Source material Start Marker

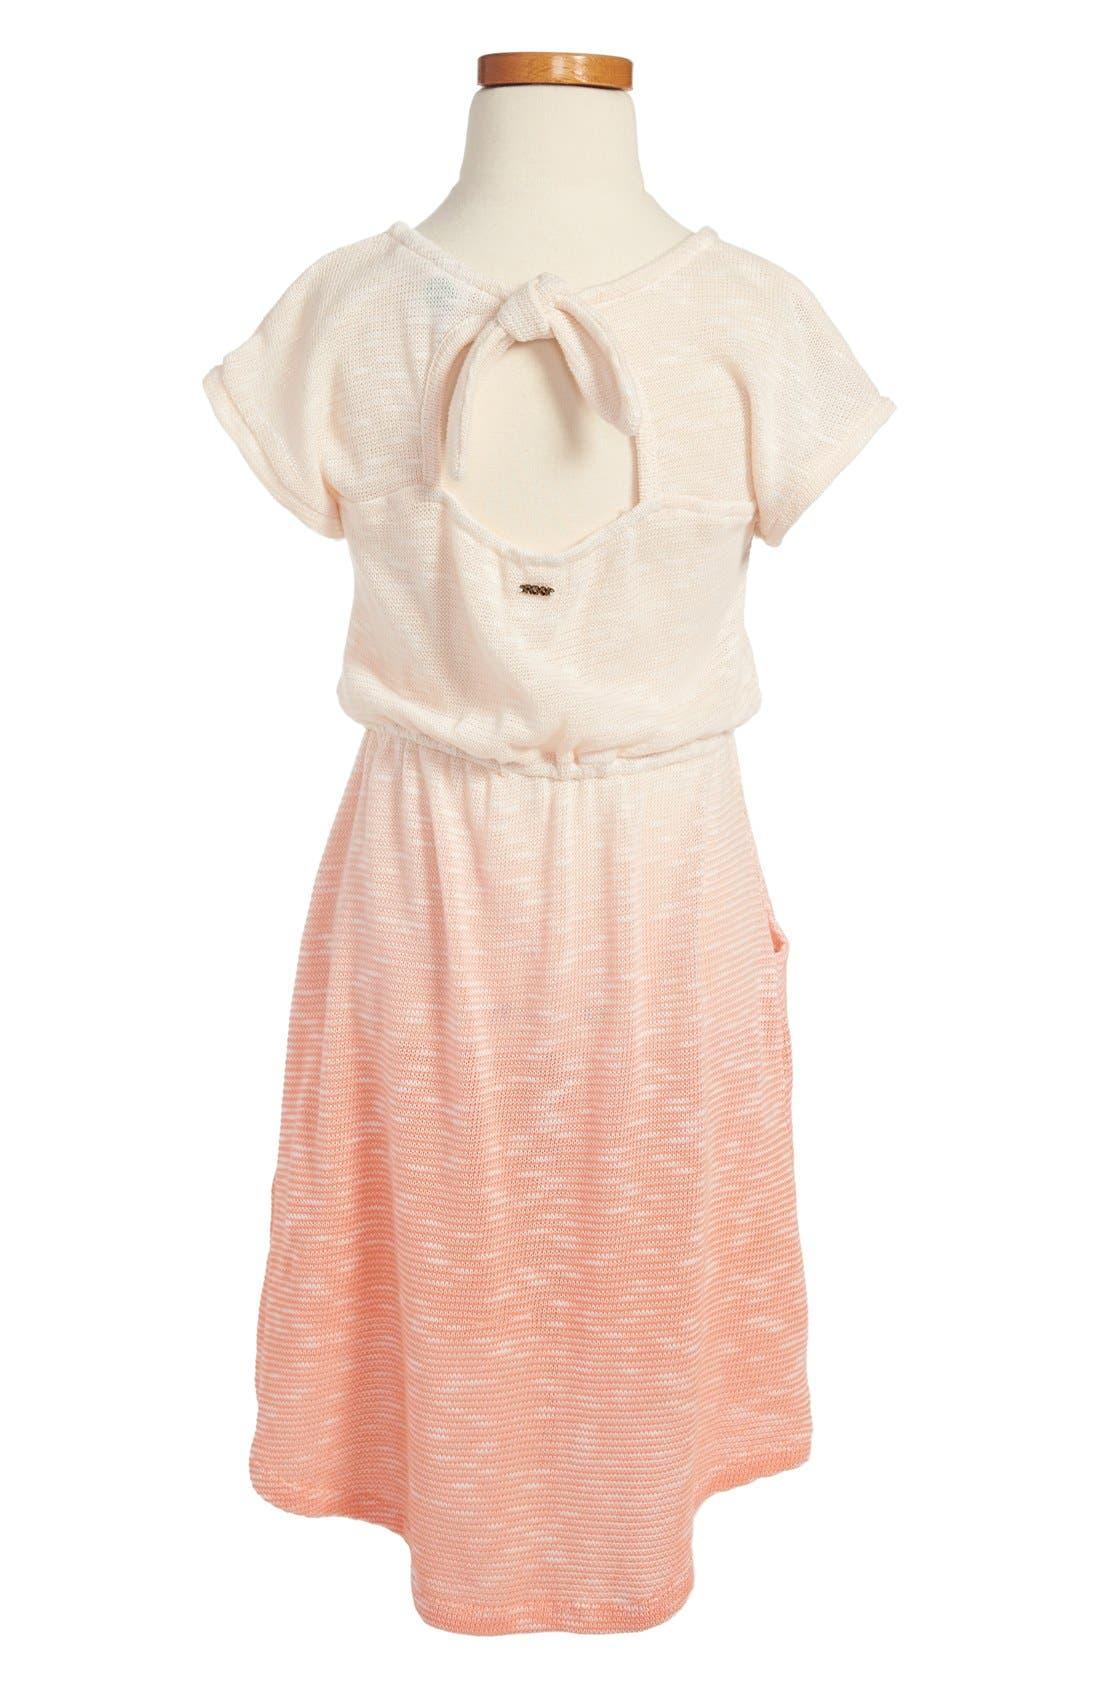 Alternate Image 2  - Roxy 'Sunny Slope' Short Sleeve Dress (Big Girls)
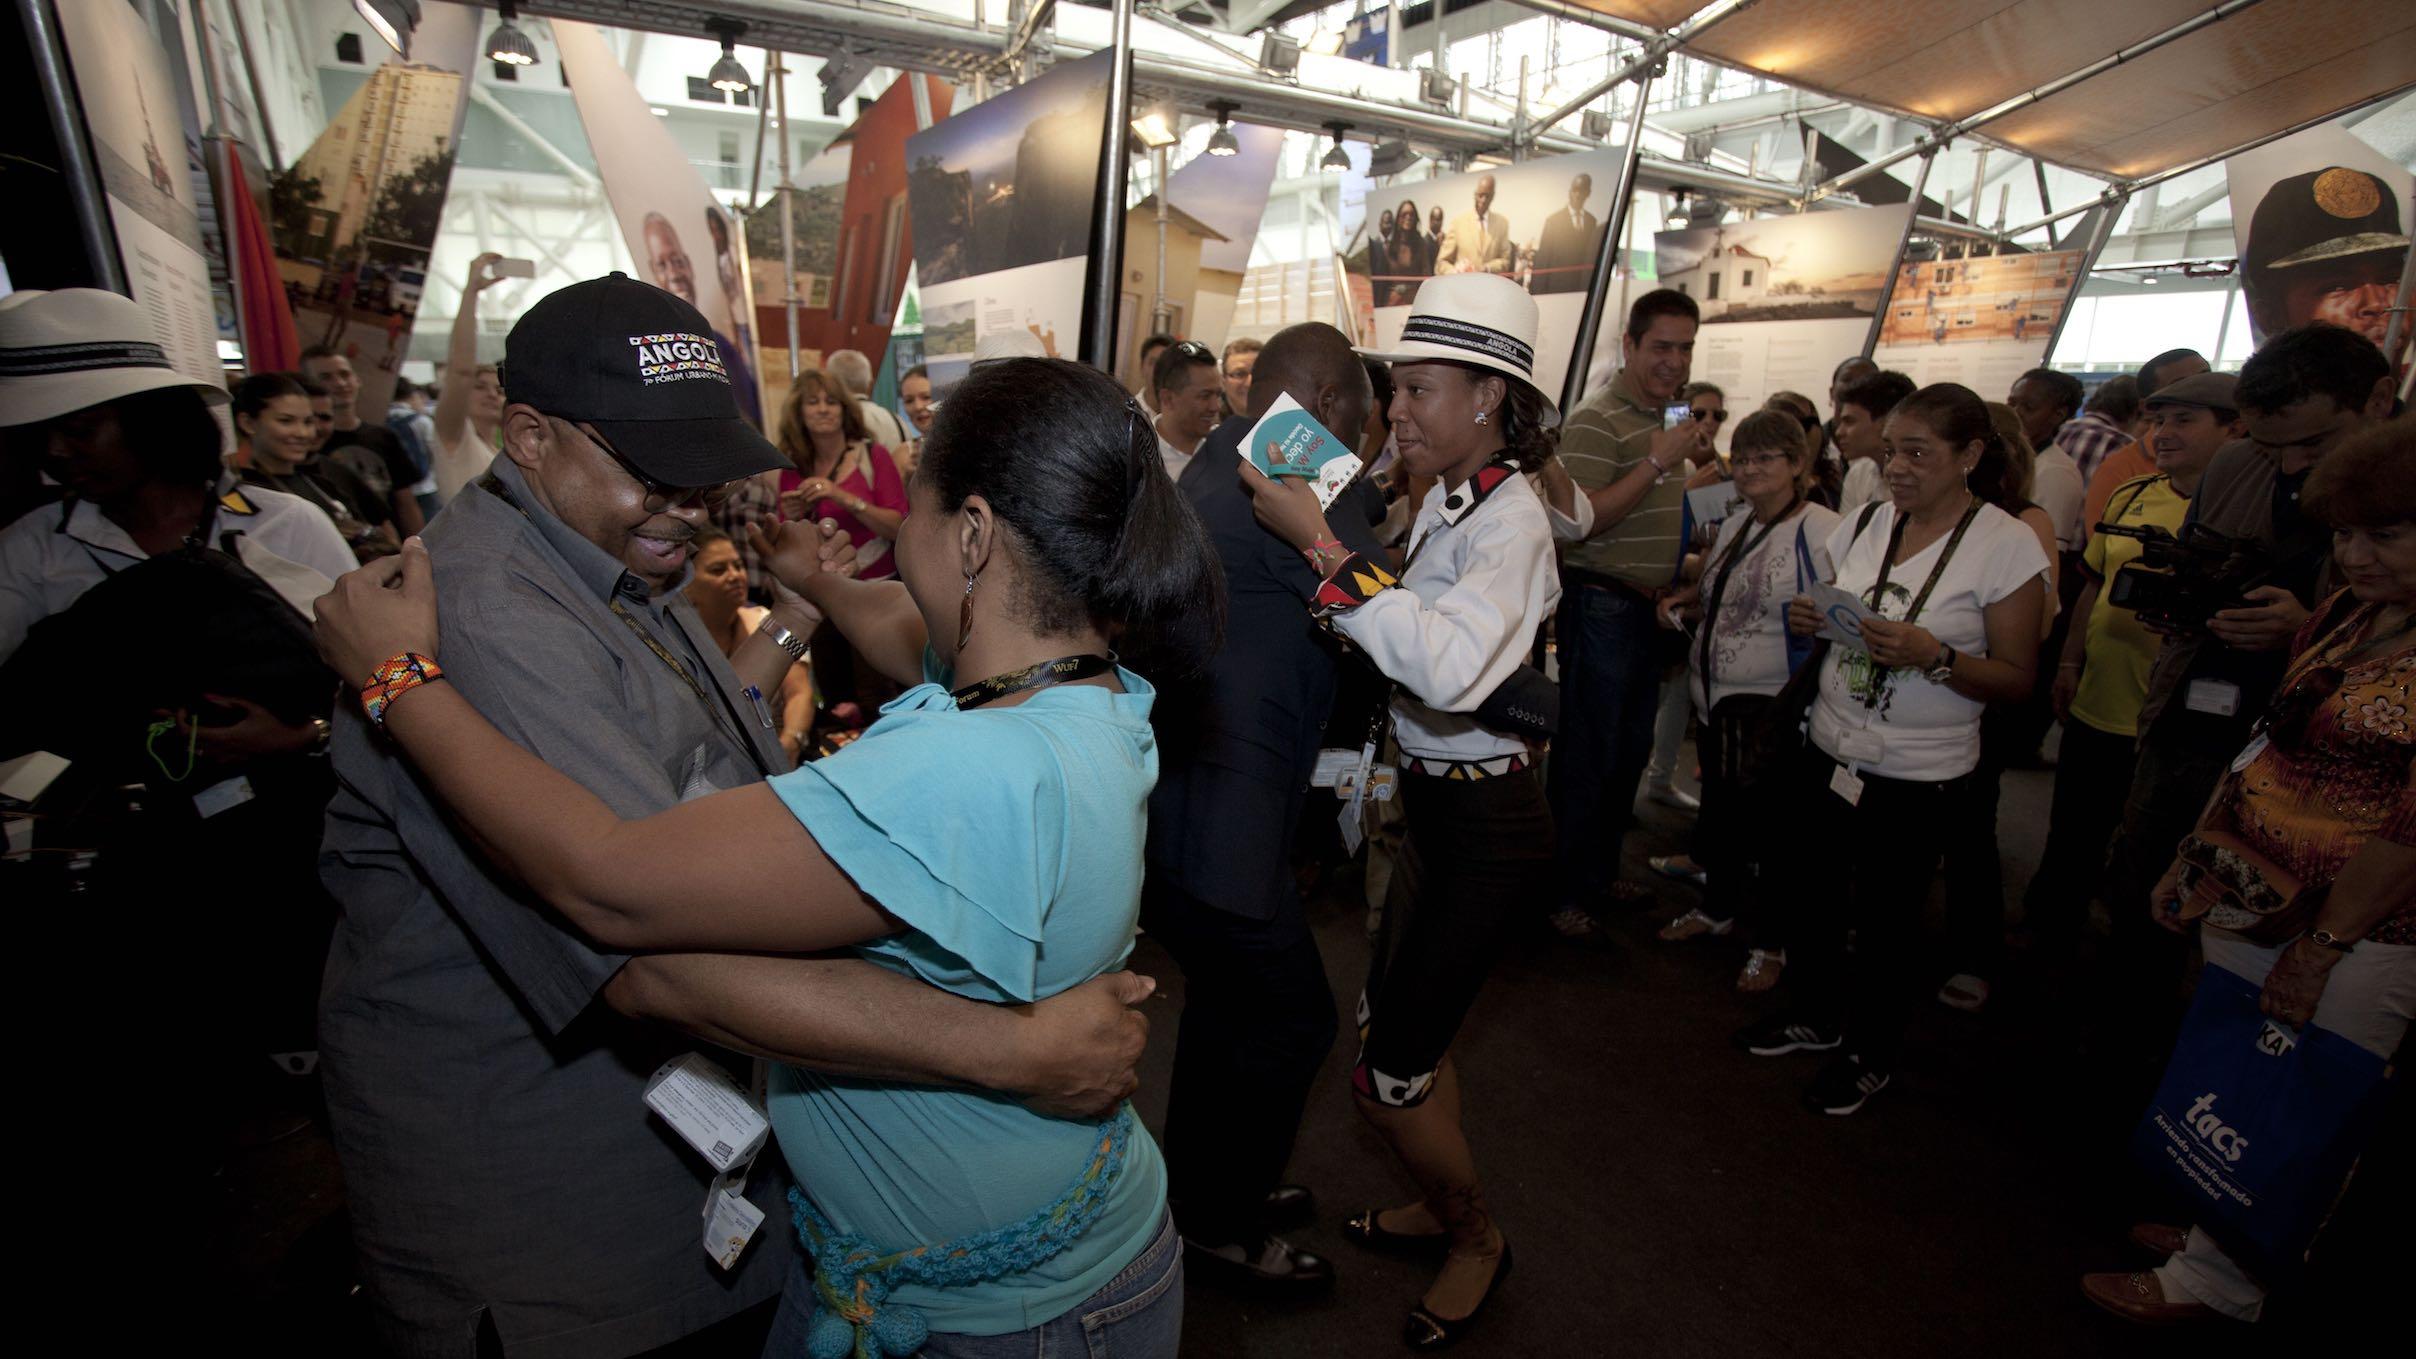 Integrantes da delegação angolana mostram como se dança Kizomba, foto de Sergio Gomes.
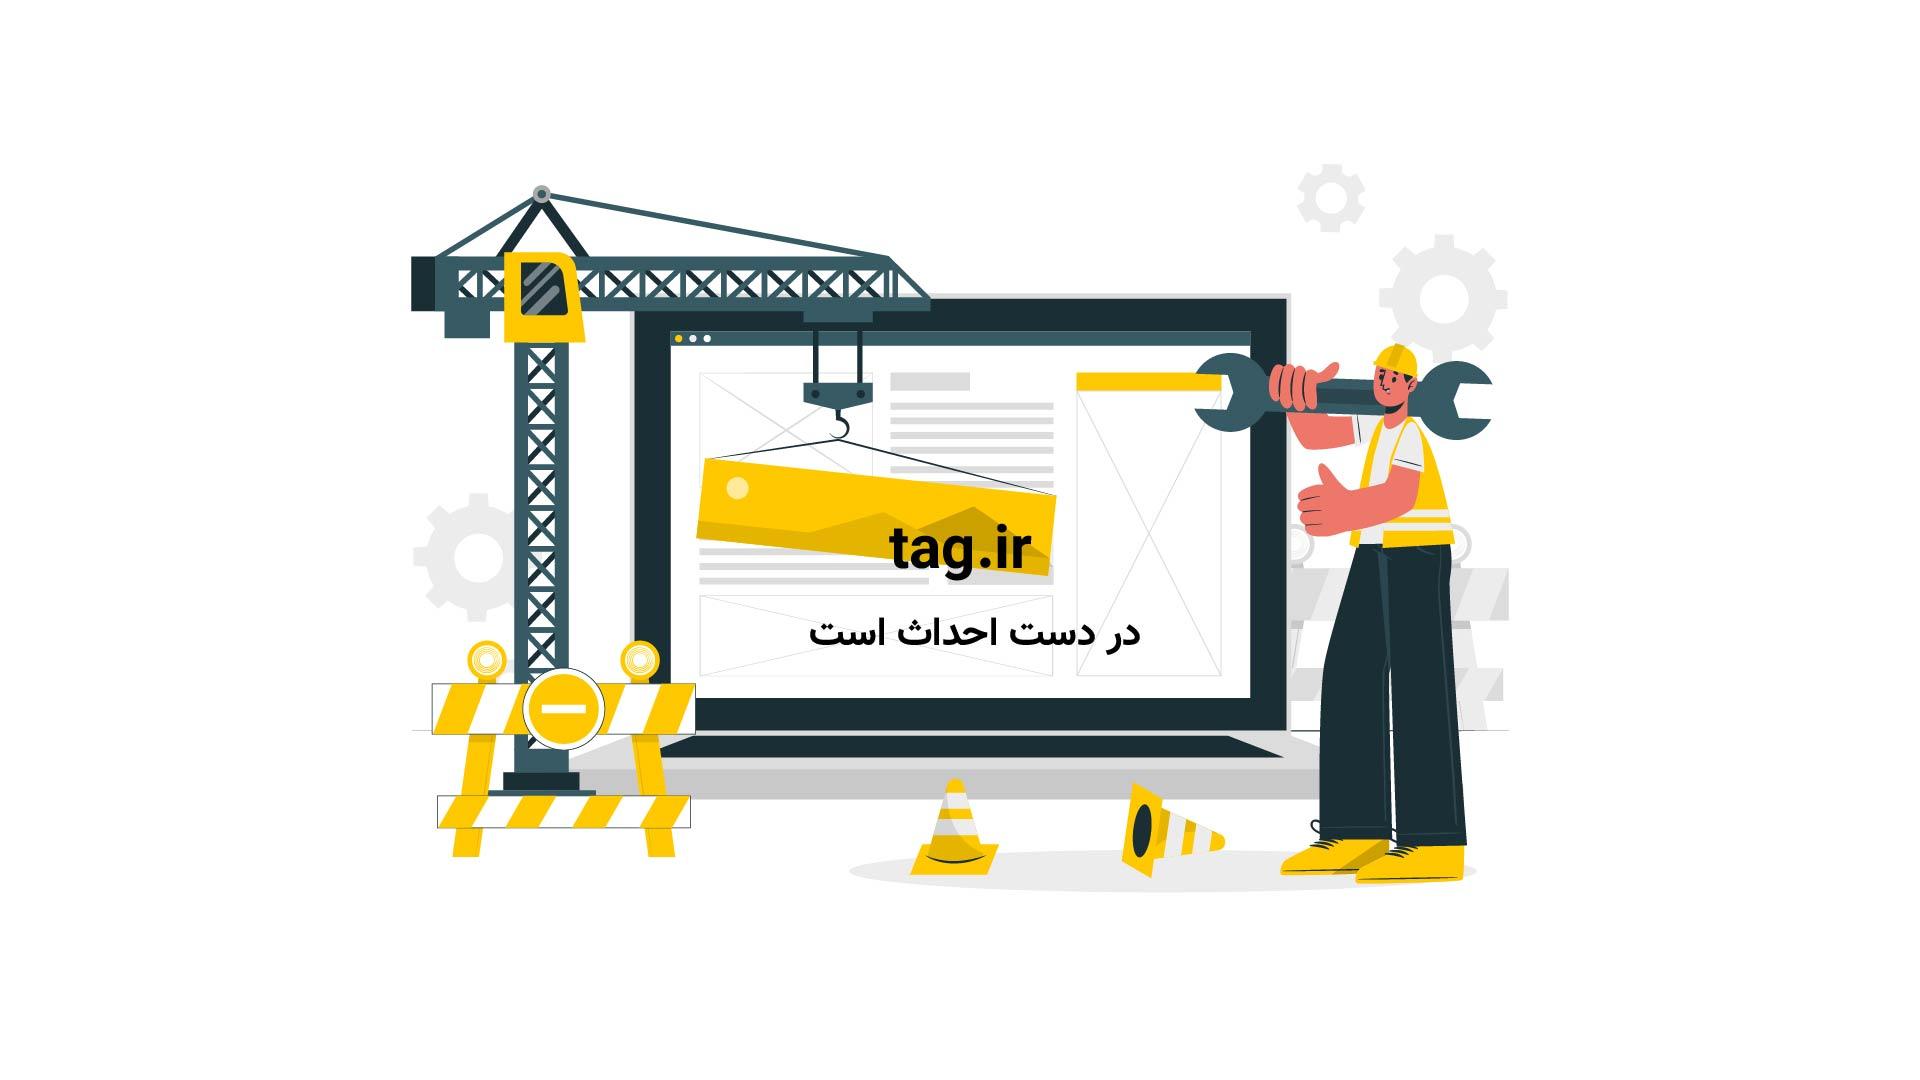 رونمایی از طرح حمل و نقل بین سیاره ای اسپیس اکس + فیلم

Source material End Marker

* Task prompt: Pictures are not part of the copy. Restate everything else in the listing word for word.

* Solution to the problem:
 Alternate Image 2  - Roxy 'Sunny Slope' Short Sleeve Dress (Big Girls)
 Integrantes da delegação angolana mostram como se dança Kizomba, foto de Sergio Gomes.
 رونمایی از طرح حمل و نقل بین سیاره ای اسپیس اکس + فیلم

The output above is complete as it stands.